Gao Ronghui, who hails from Pingtan county in the southeastern Chinese province of Fujian, provided audio recordings of phone calls with police from Suao police station in Pingtan county, who have also visited his parents and elderly grandmother, he said.

“Did you take part in the demonstration?” the officer is heard asking Gao, who had told him he supports Ukraine. Gao replies: “I saw the demonstration in the square.”

“As Chinese citizens, we don’t take part in demonstrations,” the police officer tells him, repeating: “You can’t take part.”

In another section of the audio file provided to RFA, the police officer asks him if he wrote “reactionary comments” on Twitter.

“Let me tell you this: the internet is wide open. Just because you’re in a foreign country, doesn’t mean that China doesn’t know what you’re doing,” the officer warns him. “We know everything, do you understand?”

The officer then orders Gao to “delete everything you wrote online, and on Twitter.”

“This has to be deleted immediately and we can pretend we never saw it and all will be forgiven,” the officer says, before threatening his family. “If there is a problem with your political stance, it will affect your family for generations, if you have kids, where they go to school, anything you want to do. Politics is a massive thing.”

High blood pressure

Gao told RFA that he had shut down his Twitter account temporarily after the phone call.

“My grandmother had high blood pressure because of this, and my mother was depressed for two or three weeks, and spent about three days in hospital on a drip,” he said.

“I feel very confused and helpless right now,” Gao told RFA. “I feel that the CCP is depriving me of my freedom even here in the Netherlands.”

“I want to tell them that the only person responsible for their actions is the person doing them … [but] they have silenced me. They, the system, they’re the ones who should change, not me. It’s the 21st century,” he said.

Gao said he fled China after police raided his family home in July 2021 over social media posts he had made, then summoned him for questioning.

“I walked to the police station from a friend’s house that day. It took 20 minutes, and during that time I deleted everything on my phone,” he said. “I knew I couldn’t have committed any crime other than just spreading the truth.”

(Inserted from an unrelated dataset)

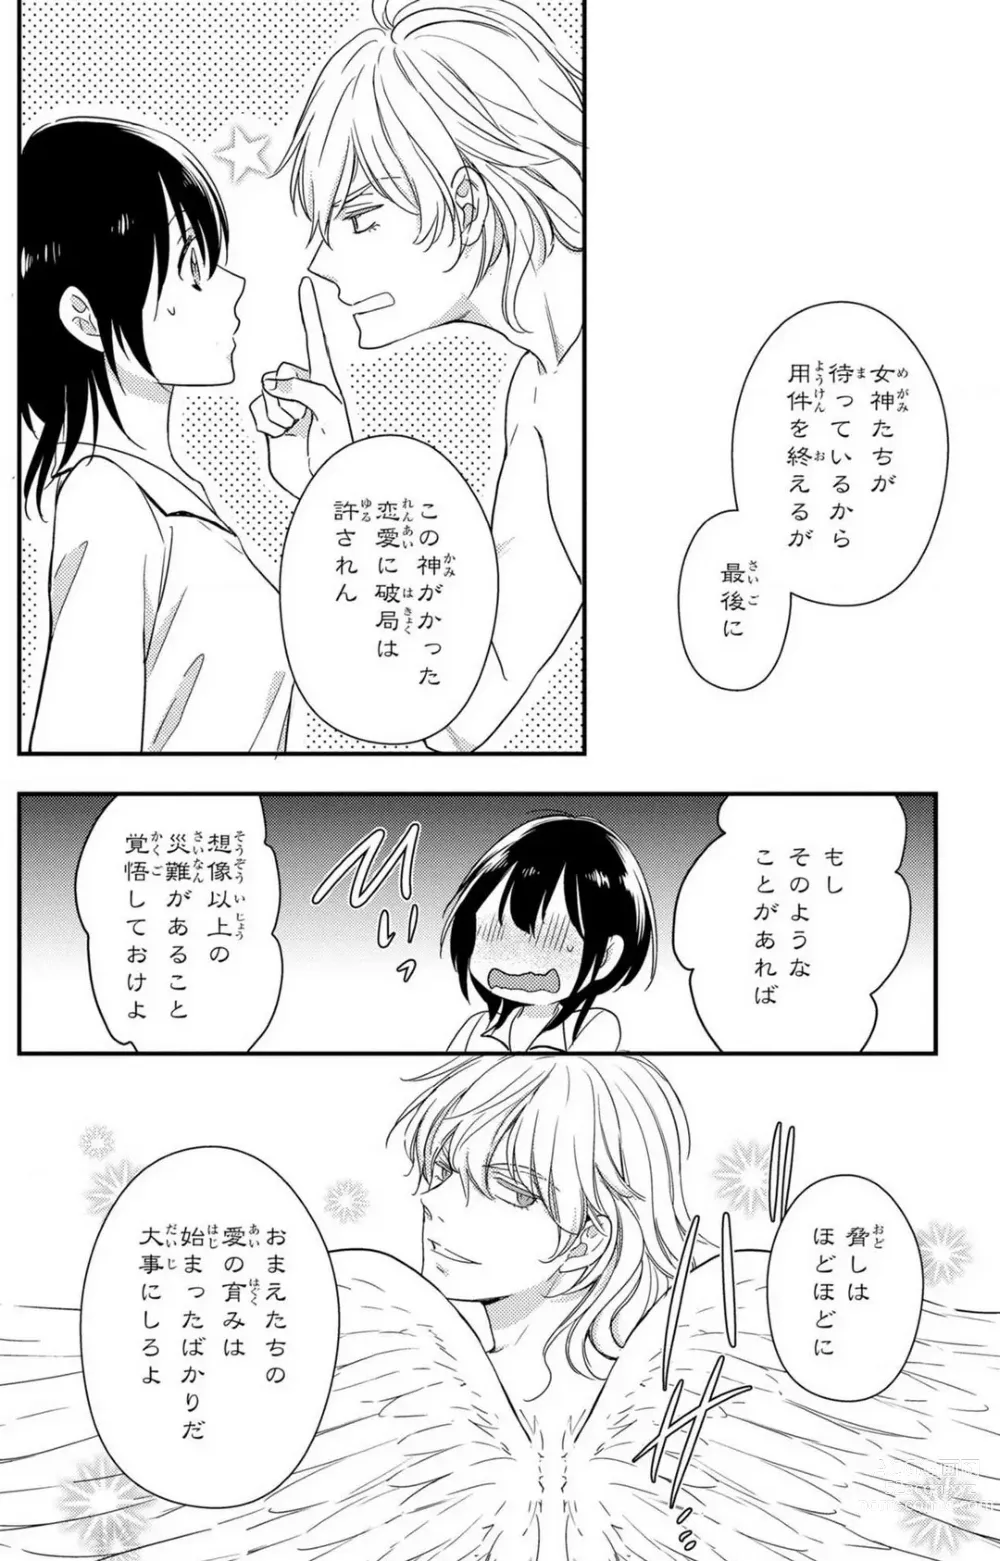 Page 207 of manga Doutei Danshi Nyotaika

“When I got to the police station, I was severely beaten and abused, and they forced me to sign a guarantee that I would support the [ruling Chinese Communist] Party (CCP) line, and not post anything that would endanger national security,” Gao said. “From that day on, I started planning to leave the country.”

‘Feel the iron fist’

Gao said he finally felt free after arriving in the Netherlands, and began expressing his political views freely in public, supporting practitioners of the Falun Gong spiritual movement, which has been heavily suppressed by the CCP inside China, and showing solidarity with Ukraine.

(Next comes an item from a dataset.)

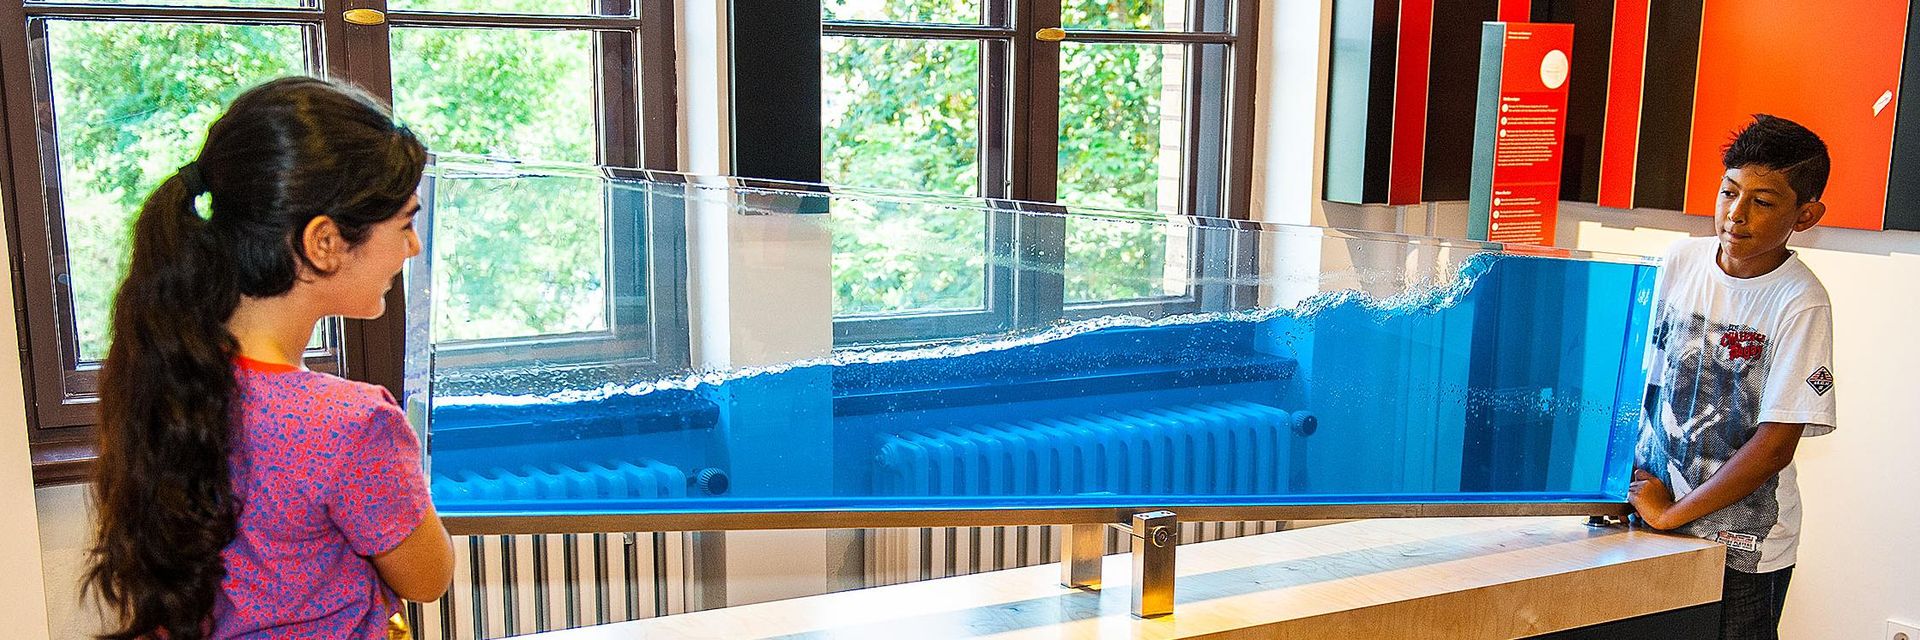 Auf einem schmalen Tisch ist transparentes Becken auf einer Kippvorrichtung befestigt. Im Becken befindet sich eine blau durchscheinende Flüssigkeit, die etwas mehr als die Hälfte des Beckens füllt. Zwei Kinder stehen an den gegenüberliegenden Enden des Tisches und kippen das Becken. An der Oberfläche der Flüssigkeit sind Wellen zu sehen.

“[I even] sprayed the Chinese embassy with paint to vent my anger,” Gao said. “I knew this was wrong, and I went to the police station and turned myself in, but the Dutch police told me it was okay.”

“Around that time, I started to criticize the CCP again on Twitter, in solidarity with the suffering Chinese people. I know that if I don’t speak up for them today, no one will speak for me tomorrow,” he said.

But Gao wasn’t as free as he had hoped he would be, and the long arm of Chinese law enforcement has succeeded in controlling his actions by threatening his family.

He said he hoped public anger over the recent lockdowns in Shanghai and other parts of China under the CCP’s draconian zero-COVID policy would fuel political opposition back home.

“I think some Chinese people are going to wake up because of the Shanghai lockdown, as they feel the iron fist themselves,” Gao said. “We should stand united to change China.”

Translated and edited by Luisetta Mudie.